19/06/2026
This week I had the chance to share one of my favourite analogies about conflict and separation to a group of separating individuals and it really landed.
It goes like this….
We all know it takes two to tango.
No one is born knowing how to tango, and no one is at fault for that.
Some people were fortunate enough to have parents, caregivers, mentors, or life experiences that taught them the steps early. Others were not.
And even those who learned to tango well, cannot dance it alone.
Just like the tango, most of us were never explicitly taught how to build healthy relationships, navigate conflict, repair ruptures, communicate effectively, regulate emotions, or separate consciously when relationships end.
Yet these are all skills and capacities.
And skills and capacities can be learned.
With awareness, practice, patience, compassion, and consistency, we can all learn to tango better in our relationships.

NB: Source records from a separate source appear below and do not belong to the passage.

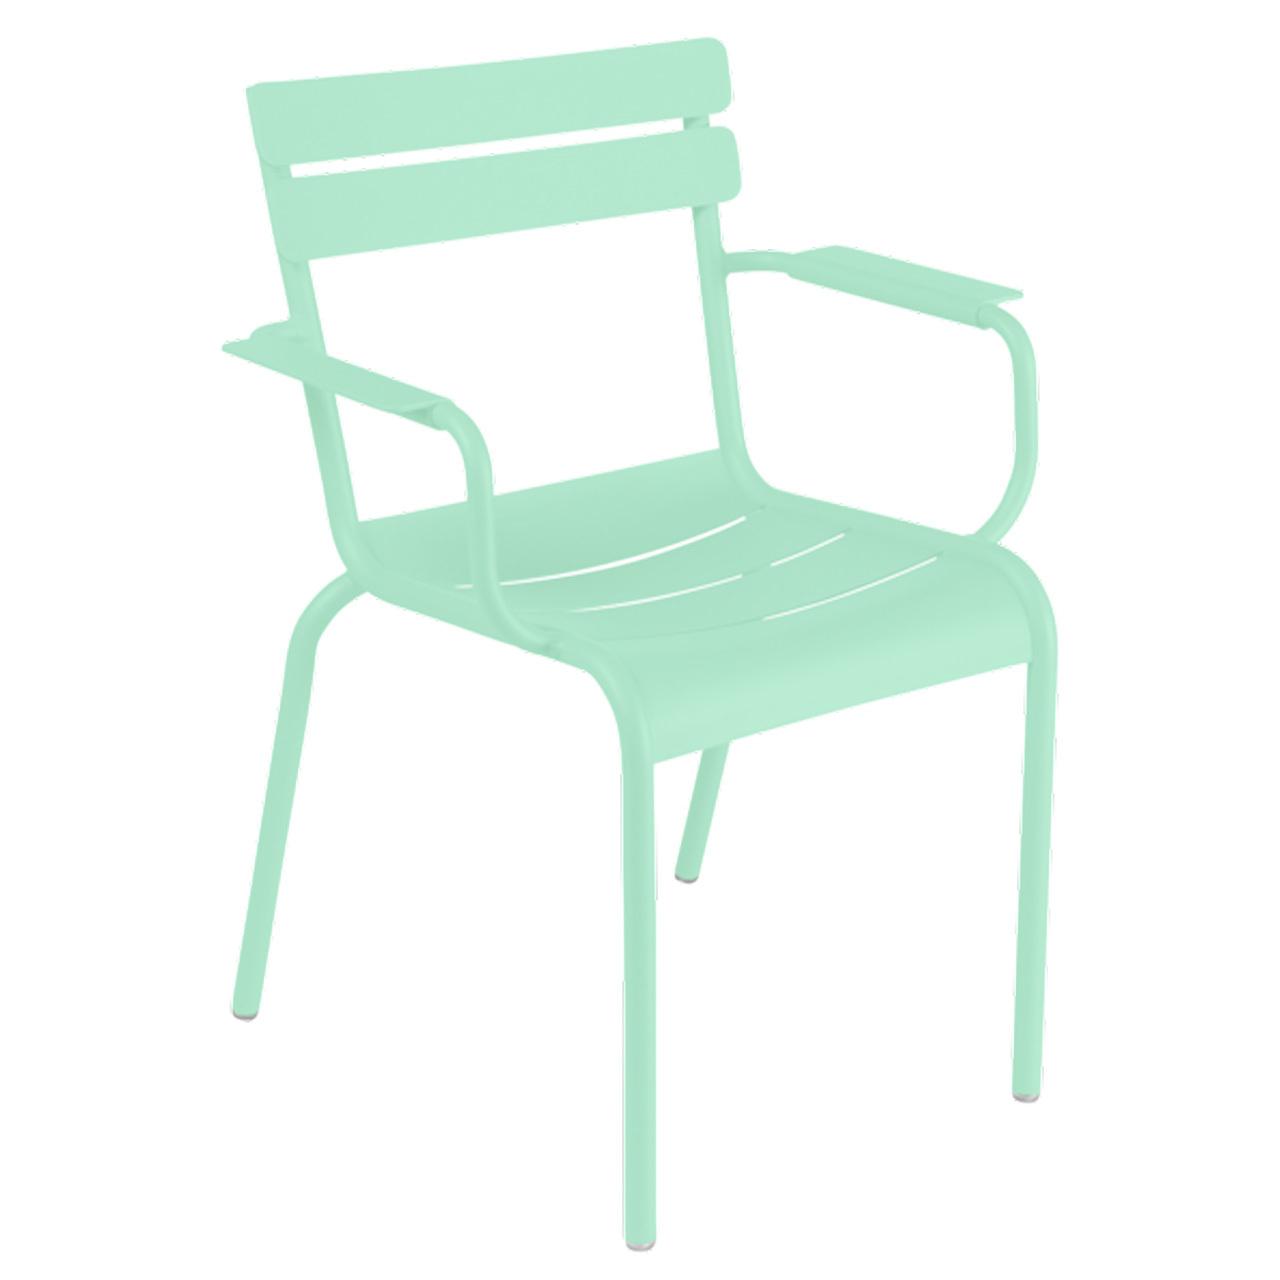 Fermob Luxembourg Stuhl Opalgrün 42 Stuhl mit Armlehnen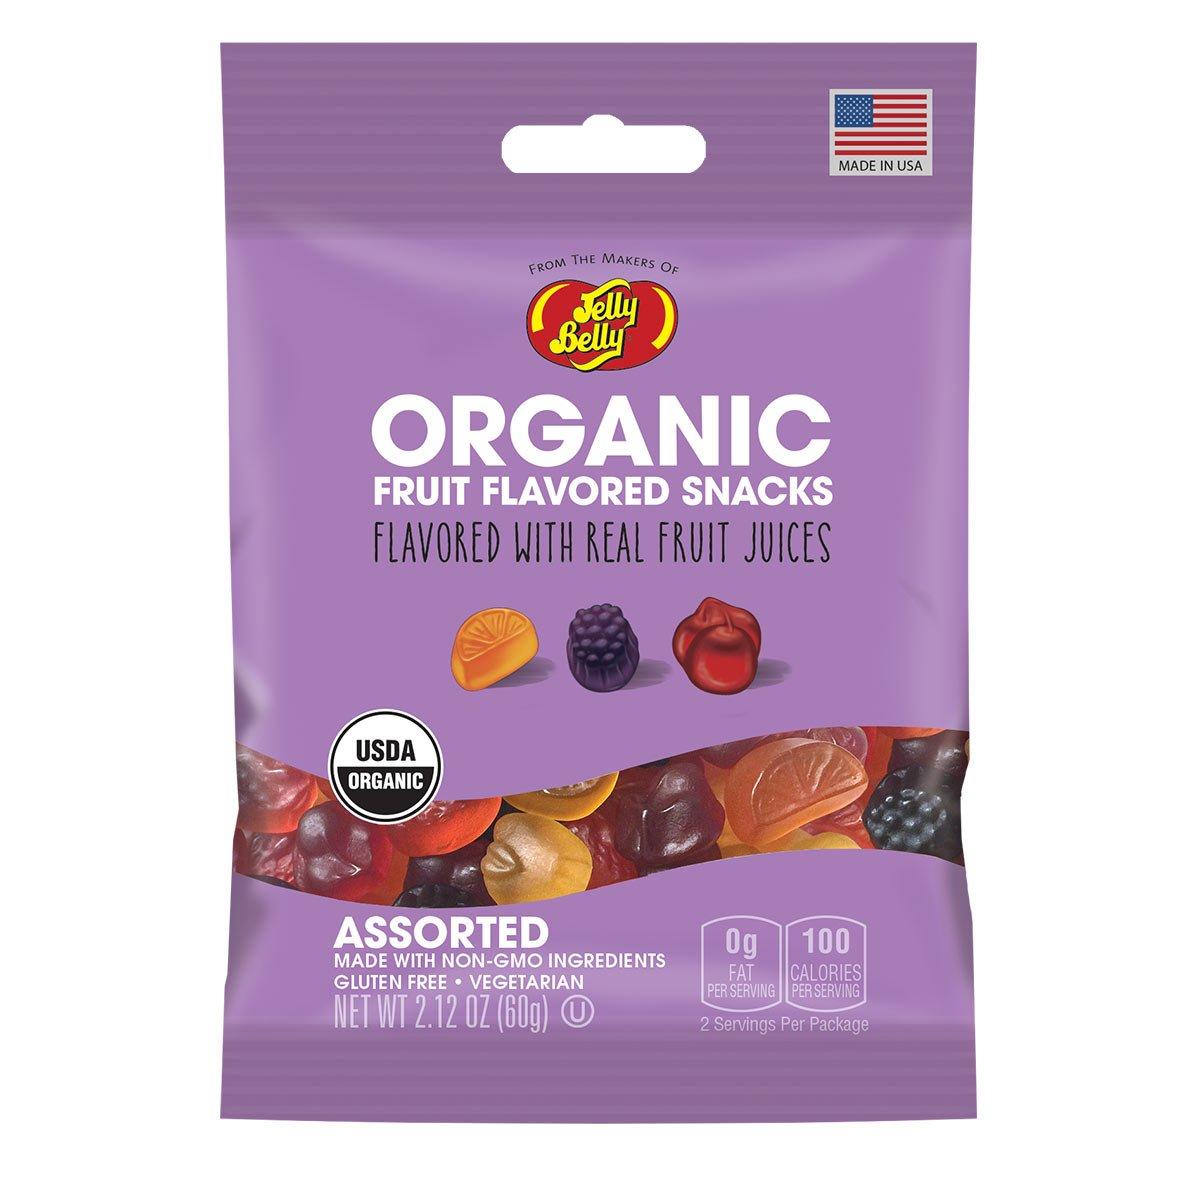 Jelly Belly Organic Fruit Snacks, 2.12-oz, 12 Pack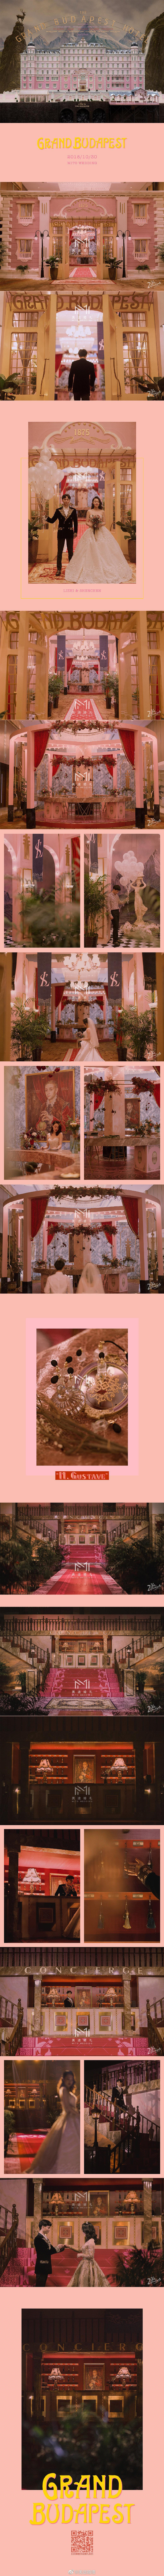 The Grand Budapest Hotel致敬韦斯·安德森永远的经典《布达佩斯大饭

But again, just like the tango, if you did not learn this in childhood, you will almost certainly misstep, trip and perhaps even fall.
No one gets this “right” all of the time.
And so the goal is less about perfection, and more about becoming aware of the steps we are dancing, so that when we find ourselves repeating unhelpful patterns or steps, we have the ability to choose a different step.
And whilst it does take two to dance the tango, the truth is that it only takes one to improve their skills and change the conflict dance.
This is the heart of how I support separating families and individuals through separation.
I support them to improve their relational tango as they transition through separation and build better foundations to thrive in the next chapter of their families’ lives.